All about living in this crazy, wonderful city called Bombay

May 01, 2007

Revisiting Regal

Today I went to see a movie at Regal Cinema after more than a year. Multiplexes have redefined the movie experience so much, that one tends to completely bypass the smaller theaters now. After all who is going to stand for tickets in a slow, longwinding que days in advance when you can book tickets with a few clicks of the keyboard? And what about the range of snacks, beverages, plush washrooms and even more plush seats offered by the multiplex? Regal, in comparison, had no carpeting, clean but basic seats, tucked-away bathrooms and a cooling system that seemed to depend more on mammoth wall-mounted fans than an air conditioner.

However, what Regal also has is history. Not just cinematic history, but memories that encapsulate some of the most golden sociological and architectural moments of Bombay. Its one of the oldest cinemas in the city, built during the Art Deco 1930s. Opened in 1933, it was designed by the famed Charles Stevens, with extensive mirror-work interiors by the Czech artist Karl Schara. The main auditorium had a motif of sunrays in pale orange and jade green, and was designed to seem airy and cool, an oasis in the sweltering Bombay climate. Even in the '30s, Regal used reinforced cement concrete, was fully air conditioned, and had an elevator connecting the underground parking, which was a huge innovation.

It was a place where you dressed up and went to see a movie. A place for socializing as much as cinema, of silks, satins, diamonds and limousines - almost the exclusive privilege of the glittering upper class. Even a couple of years back, it was one of the most luxe cinemas in town, with the priciest tickets and the best pop corn. In fact, it was so premium that we would buy stall tickets in our penny pinching days...the crowd was good, and the balcony simply seemed 'overpriced'.

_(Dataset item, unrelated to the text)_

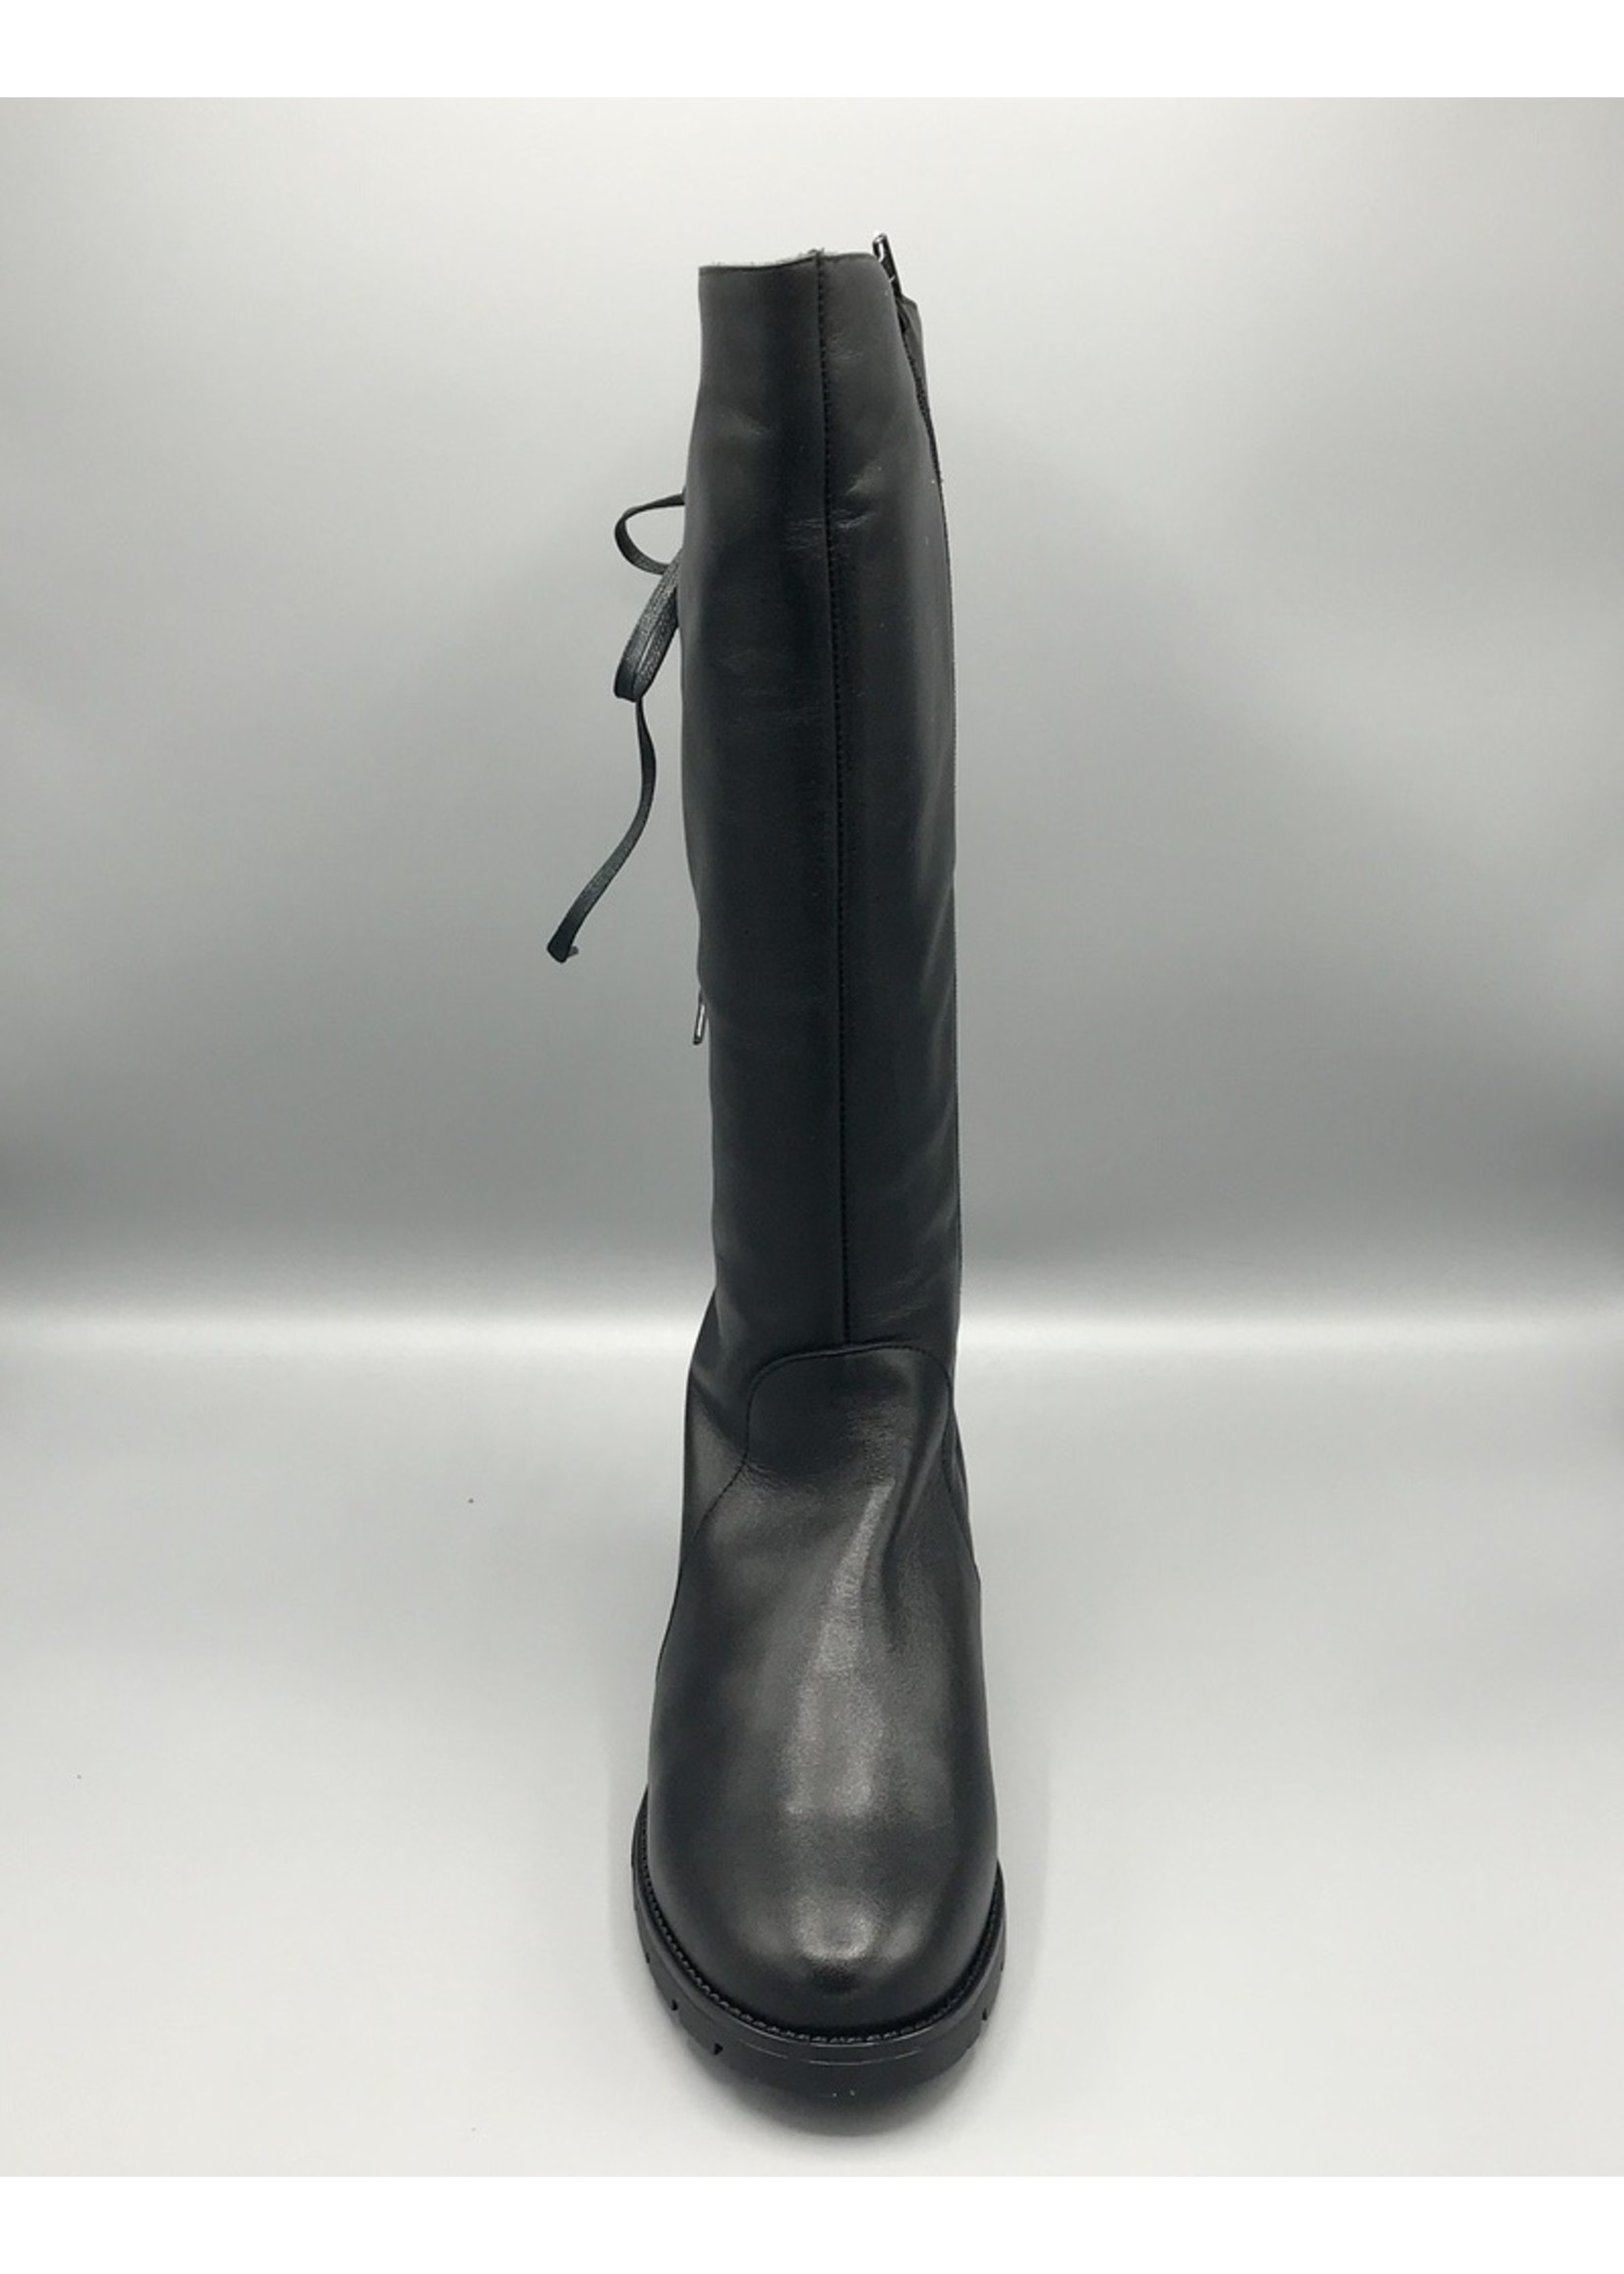 Valeria's Leather & Lace Tall Calf Boot

Cut to today. Now it seems like a haunt for college kids, couples looking for anonymity and the less-than-affluent crowd. The pop corn is still phenomenal, but it cant compete with the multiplexes in either comfort or luxury.

So would I go back? Yes, and not only because its so much easier on the wallet (balcony seats for 4, alongwith snacks and drinks came in at 520 bucks!!), but because watching a movie here was a different experience altogether. What it lacked in glam, it made up in ambience - this is Bombay, this is Bollywood. Try it once and relive the magic.

I am headed to Liberty and Eros next - its time to make new discoveries in old vintages.